The product of two number is 20 5/7. If one of the number is 6 2/5 find the other
To find the other number, we can divide the product by the given number.
First, let's convert 6 2/5 to an improper fraction:
6 2/5 = (5*6 + 2)/5 = 32/5
Now, divide the product 20 5/7 by 32/5:
(20 5/7) ÷ (32/5)
To divide fractions, we can multiply the first fraction by the reciprocal of the second fraction. So,
(20 5/7) ÷ (32/5) = (20 5/7) * (5/32)
Let's add the whole number and fraction separately:
20 * 5/32 + 5/7 * 5/32
Multiply the numerators and denominators:
(100/32) + (25/32)
Combine the fractions:
125/32
The other number is 125/32 or 3 29/32.
To find the other number, we can use the concept of division.

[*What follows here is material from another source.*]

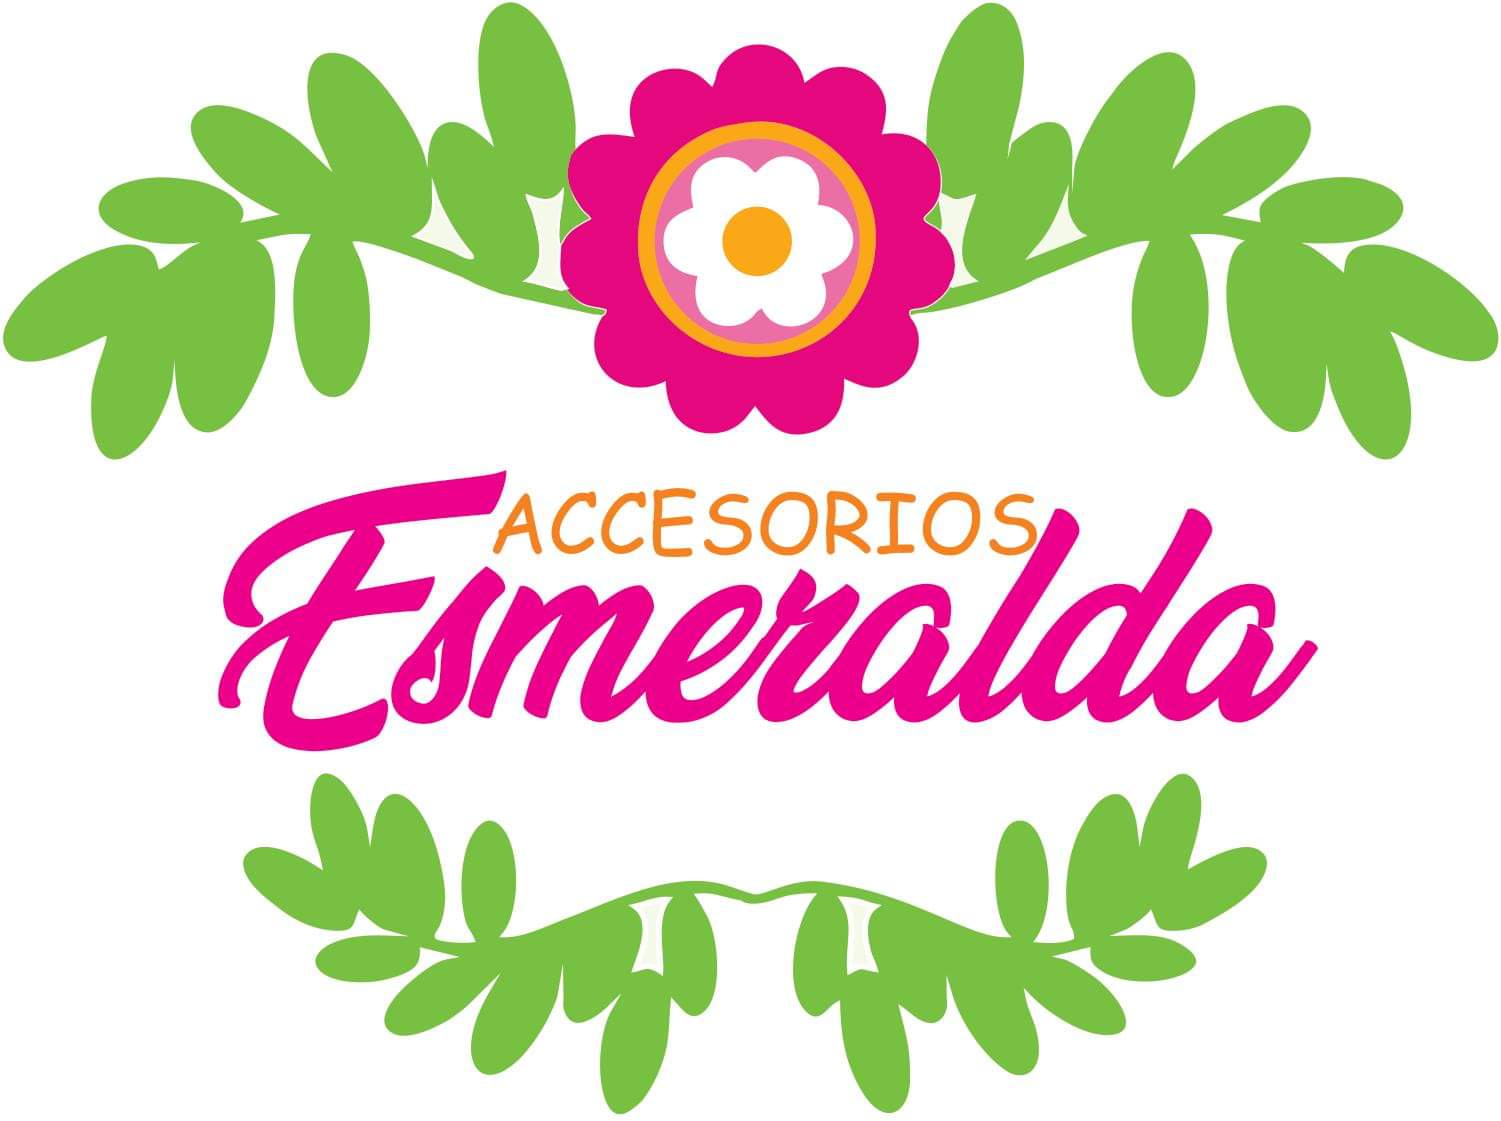 Accesorios Esmeralda

Step 1: Convert the mixed numbers to improper fractions.
The first number is 6 2/5, which can be written as 32/5.
Step 2: Multiply the two numbers to find their product.
Let x be the other number we need to find.
The product of the two numbers is given as 20 5/7, which can be written as 147/7.
So, we have the equation 32/5 * x = 147/7.
Step 3: Simplify the equation.
To do this, we can cross-multiply.
(32/5) * x = (147/7)
(32 * x) / 5 = 147 / 7
Step 4: Solve for x.
Cross-multiplying gives us:
(32 * x) * 7 = 147 * 5
224x/5 = 735/1
To isolate x, we multiply both sides of the equation by 5.
(224x * 5) / 5 = (735/1) * 5
224x = 3675
To solve for x, divide both sides of the equation by 224.
224x / 224 = 3675 / 224
x = 16.42 (rounded to two decimal places)
Therefore, the other number is approximately 16.42.